__EXERCISE INSTRUCTIONS__
The material below is to be copied exactly from the line with "Extension library. Библиотека" up to and including the line with "11. 2. Avgift", with nothing else kept and no pictures.

__DATA EXTRACTS__
————————

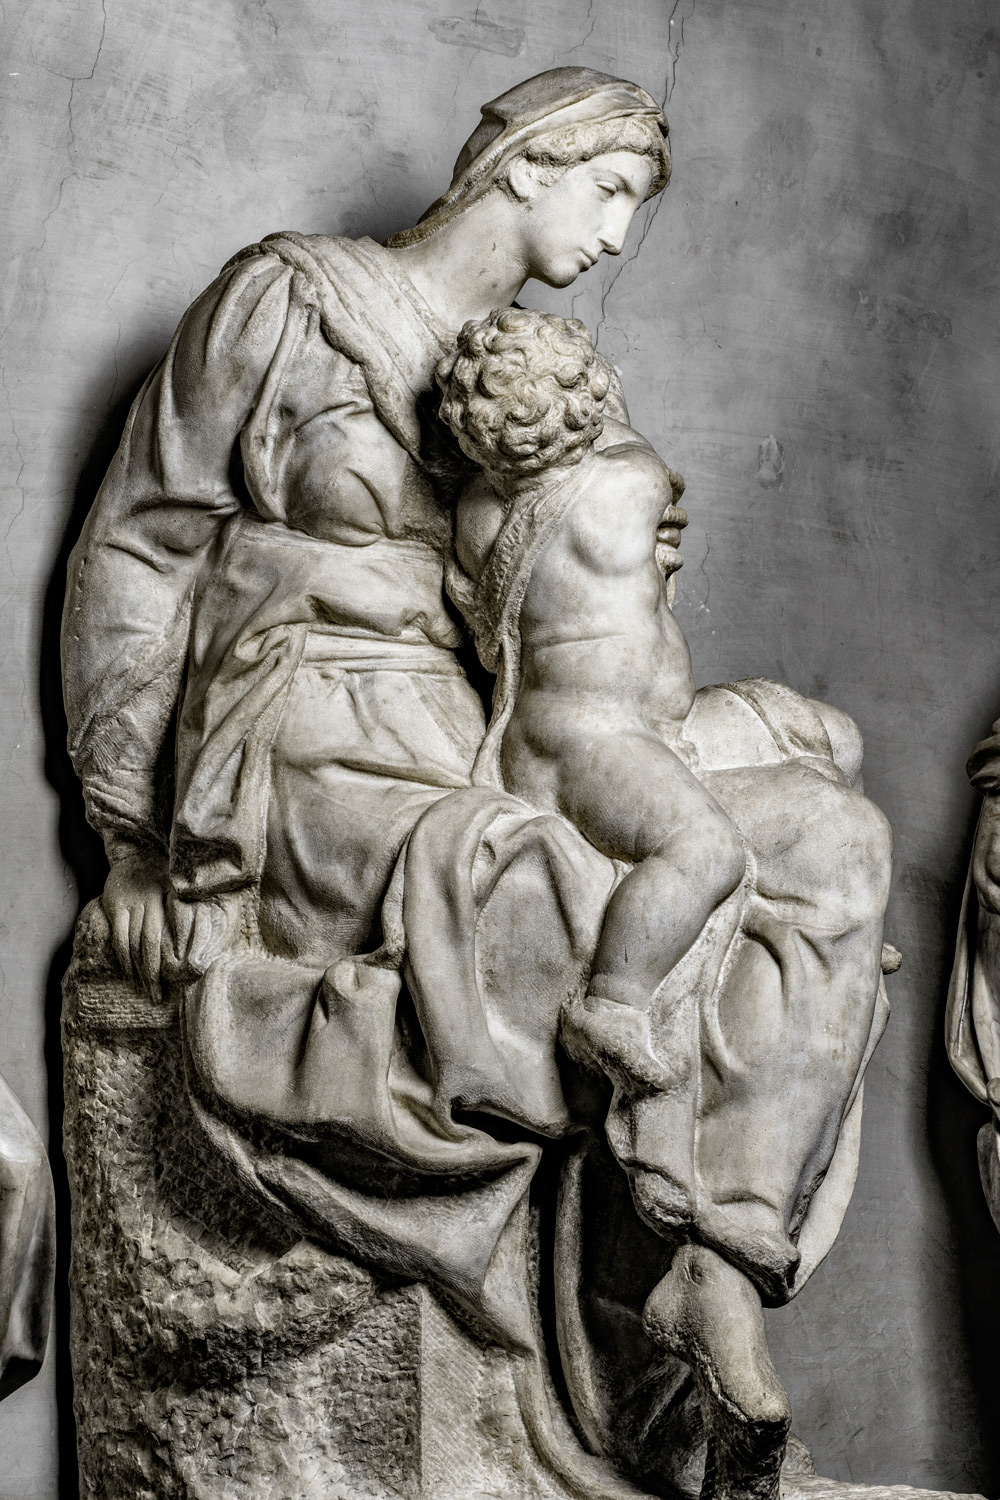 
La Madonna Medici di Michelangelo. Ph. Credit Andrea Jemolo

————————

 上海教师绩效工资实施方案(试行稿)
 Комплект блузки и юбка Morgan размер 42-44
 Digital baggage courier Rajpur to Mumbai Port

————————

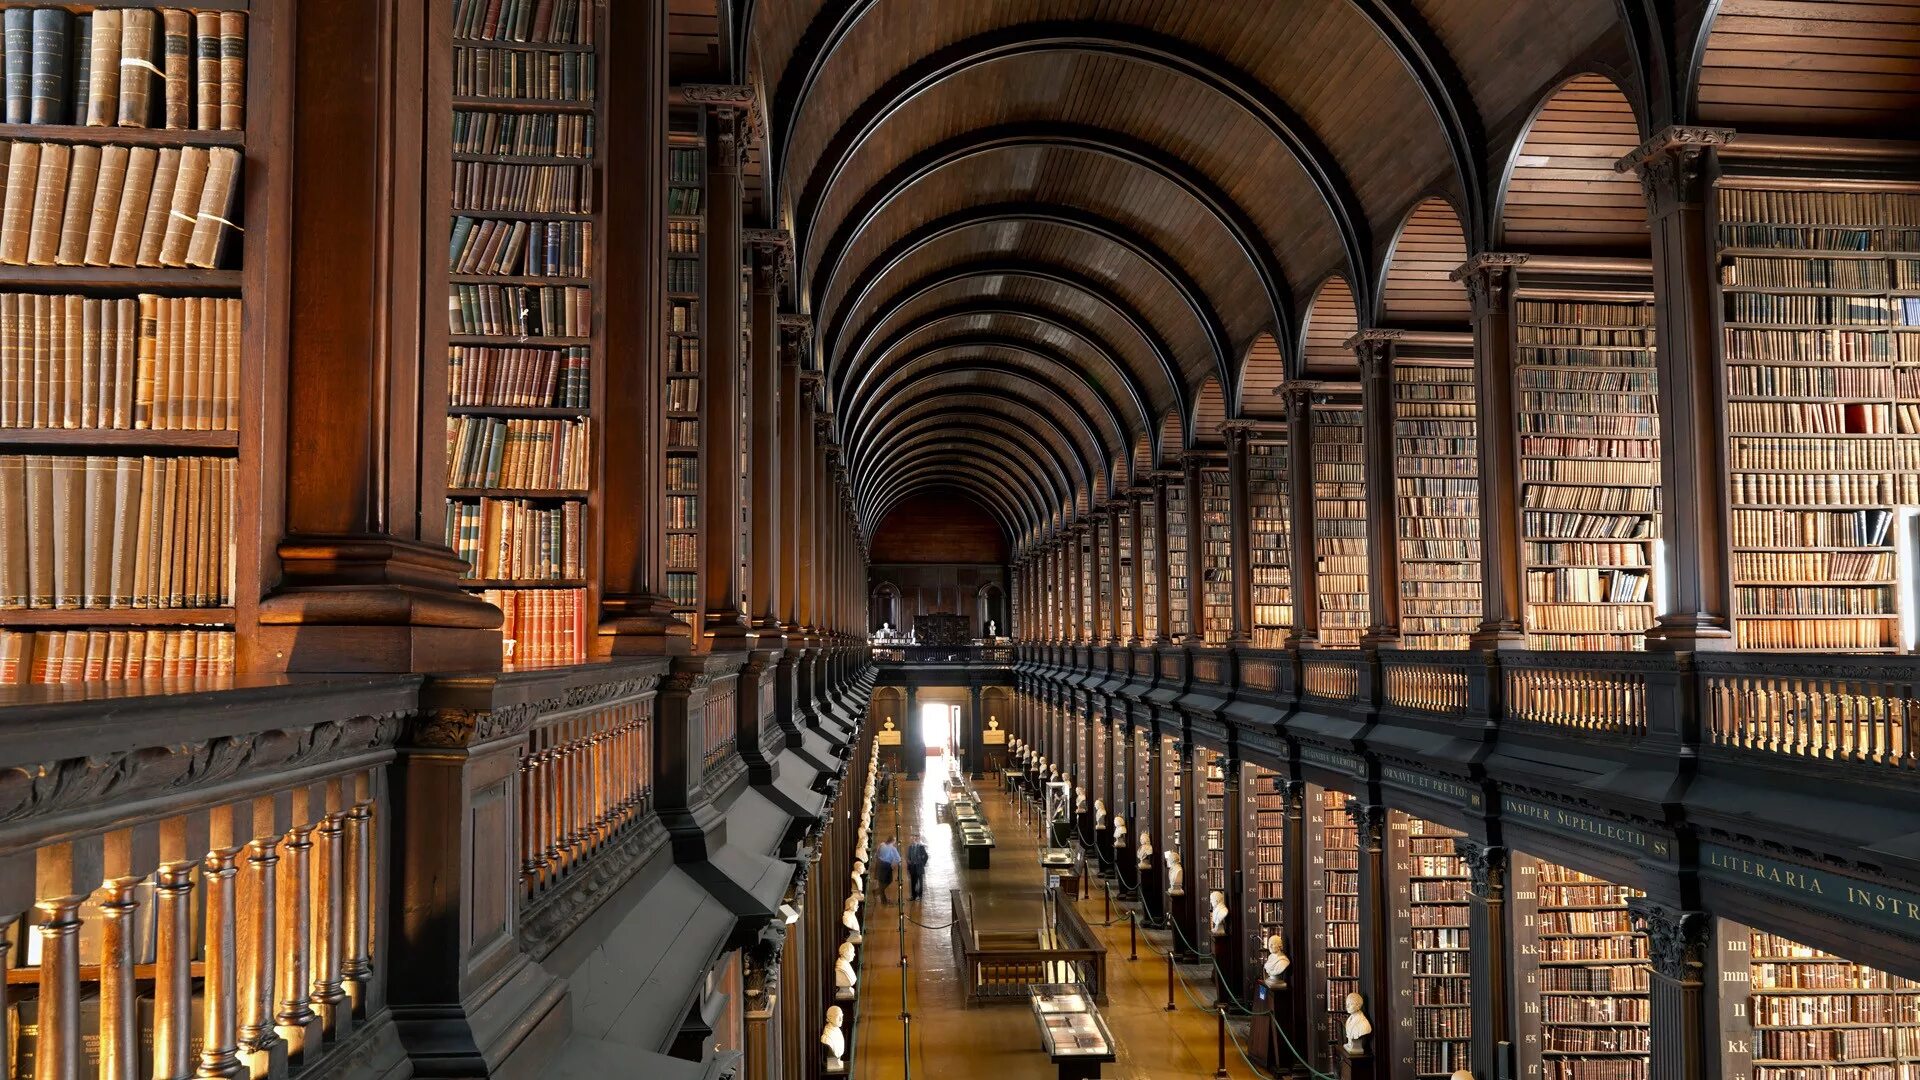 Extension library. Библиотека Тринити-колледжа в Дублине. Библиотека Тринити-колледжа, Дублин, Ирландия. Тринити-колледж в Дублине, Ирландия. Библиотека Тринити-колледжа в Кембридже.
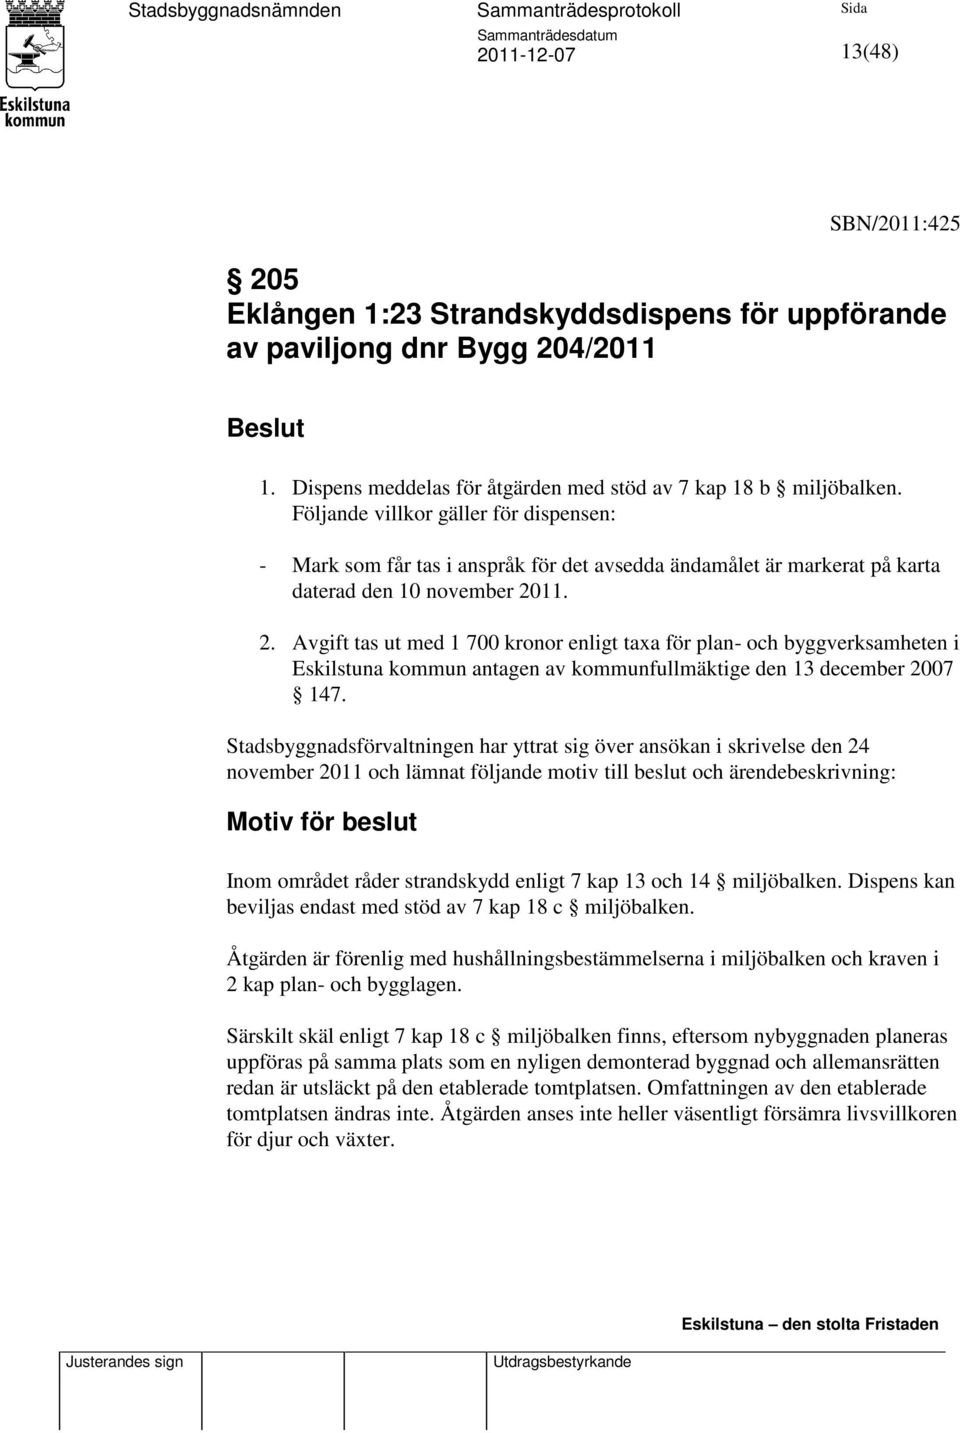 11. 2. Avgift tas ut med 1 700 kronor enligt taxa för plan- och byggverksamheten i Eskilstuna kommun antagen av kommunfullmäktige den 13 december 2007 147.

————————

__EXPECTED ANSWER__
 Extension library. Библиотека Тринити-колледжа в Дублине. Библиотека Тринити-колледжа, Дублин, Ирландия. Тринити-колледж в Дублине, Ирландия. Библиотека Тринити-колледжа в Кембридже.
 11. 2. Avgift tas ut med 1 700 kronor enligt taxa för plan- och byggverksamheten i Eskilstuna kommun antagen av kommunfullmäktige den 13 december 2007 147.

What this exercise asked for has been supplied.